The pain slowly eased enough for me to get down to the doctor's just as soon as the surgery opened. He checked me over. "Pains in the leg? No? ....liver's OK," he said. "...are you feeling stressful for any reason at the moment?"

"I'm supposed to be down at Channel 4 tonight," I said...

Apparently it was a muscle spasming, or some such thing. He wrote me a prescription, and told me to make sure I was there. Part of me was hoping he'd say it was out of the question, so I wouldn't feel guilty about not going.

So I did get to London after all. Bright and early, enough to spend the afternoon in the V&A. It was mildly trippy, what with the painkillers. Though the V&A can be a bit trippy anyway. Wandering around the cast courts reminds me of the bit in Easy Rider where they're out of it on acid in a New Orleans cemetery.


And then I met Richard and we wandered around Westminster, and finally to Channel 4 for the launch of TMW's 'Memorandum of Understanding', as described here. And I got to talk to some really nice people, some of whom I'd met before and some of whom I only knew online and had been looking forward to meeting at last; and some of whom were strangers. Of which latter category one or two had the idea that 'networking' means 'barking out your prepared mission statement and then moving on'. So I got to hear all about what they were thought or were engaged in, information which I instantly filed under 'F' for 'forget', while I remained a total stranger to them because I couldn't get a word in edgeways. Odd. Fortunately, these encounters were in the minority.

And I was on a bit of a high all the way back to Bristol. And not just from the tablets.

The other expedition was down to Plymouth. I was really looking forward to going down there, and I set off bright and early, just in case the car conked out. It went away to get welded a couple of weeks ago, and there's been a rather scary rattle going on ever since, which I knew I'd have to get round to sorting out, but hadn't quite managed yet.

On the motorway I found that if I approached 60 mph, the rattle began in earnest. It reminded me of that film The Sound Barrier, when the bold fearless etc pilots fly their Spits a bit too fast and they start shaking like crazy.


Though I don't think that the Trav would manage to break the sound barrier, even if I'd sorted out the rattle and then washed the car for good measure.

It skittered like heck if I hit a bump on a corner, too.

So it was a lively old journey. I stopped at Totnes, Hippy Central, to drop off my hippy boots for re-soling at Conkers. Then I bought the entire stock of preserved ginger from the Happy Apple, because they sell great buckets of it for £2.99, and you can't have too much preserved ginger; and I admired the gorilla up the tree who was dangling a bucket down on a rope to collect money from Red Nose Day. And the women dressed as witches. The trouble with Totnes is, it was hard to tell who was dressed specially for Red Nose Day, if you see what I mean.

Then to Modbury, where I wanted to take pictures of a grave.
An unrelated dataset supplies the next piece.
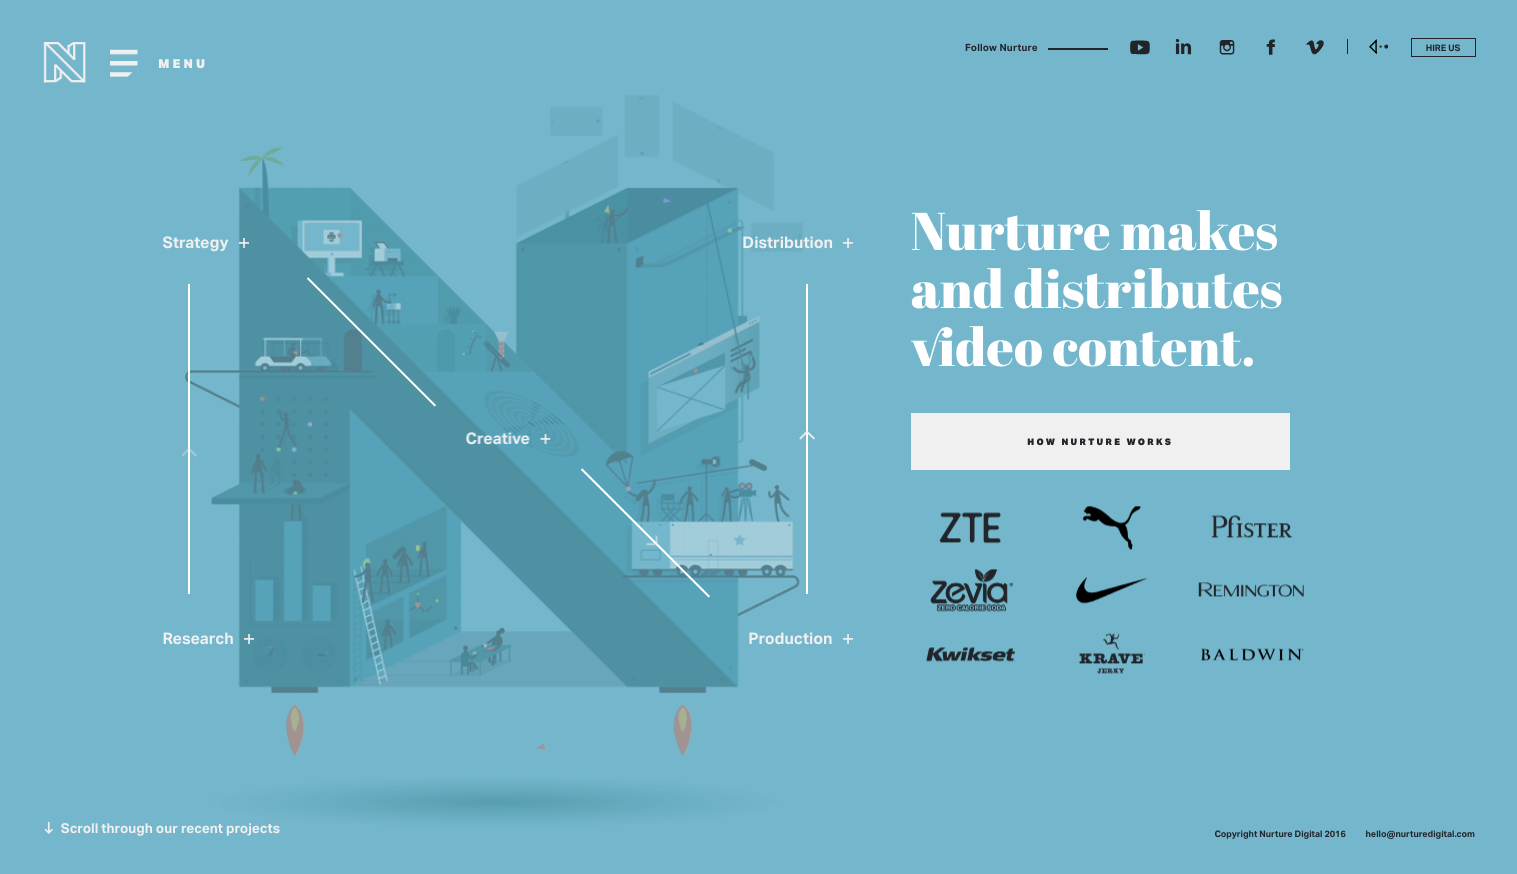 Nurturedigital.com is a good website design example for its excellent use of typography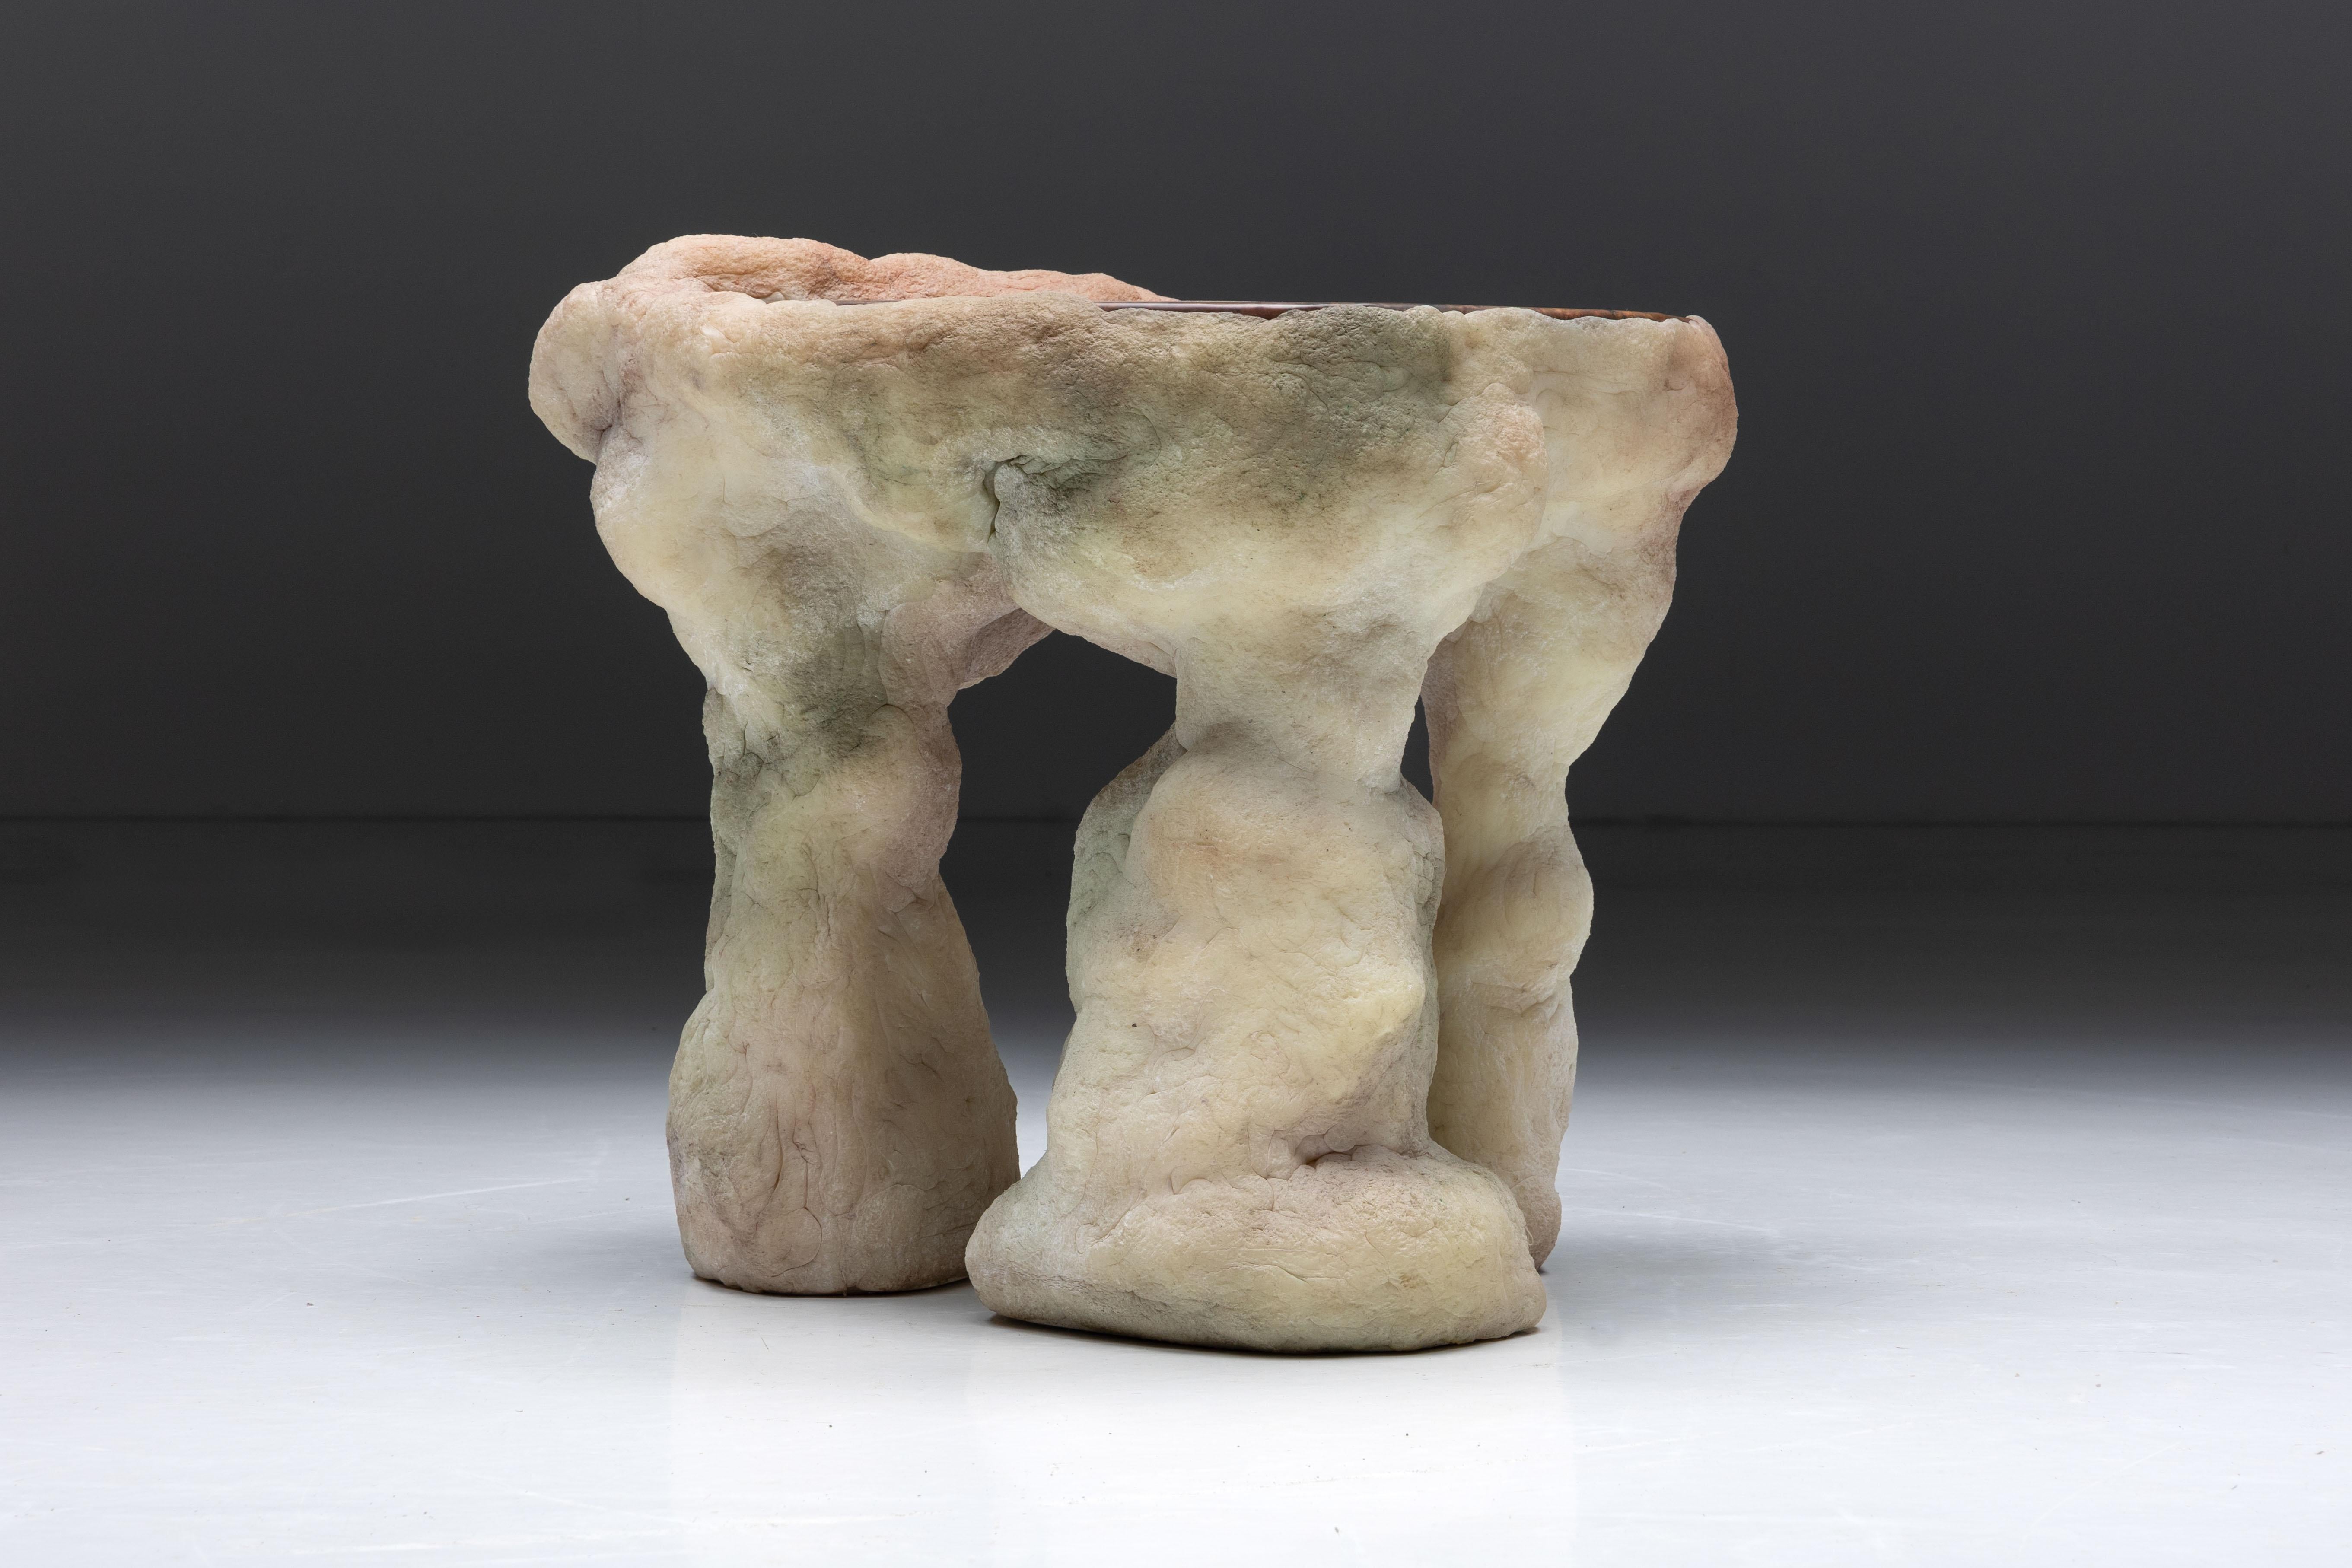 Elissa Lacoste's 'I Dream of Megalithic Times' series: Side Table, 2020. Composed of various speleothem-like shapes emerging from silicone skins infused with earthly pigments. This collection of functional art pieces challenges conventional notions

When I was working on a farm near here, twenty years ago, I was cleaning the paper and paint off a wall and found writing on the original plaster. After it'd waited there so long to be found, it was a shame that I couldn't decipher what it said, other than the name, Jane Lakeman, Ashridge Farm. But I'd found her grave in St George's churchyard, and I wanted to recall what it said on it, because I'm writing something...

And there were primroses in the hedge and in the churchyard, and as I was going into the church a chiffchaff started singing, the first I'd heard this year.


Traffic in Plymouth was scary, but I found the library and clunked gratefully into the car park to be greeted almost immediately by Sue, who was organising the reading. Which was really nice.

And so was exploring the city, especially the waterside.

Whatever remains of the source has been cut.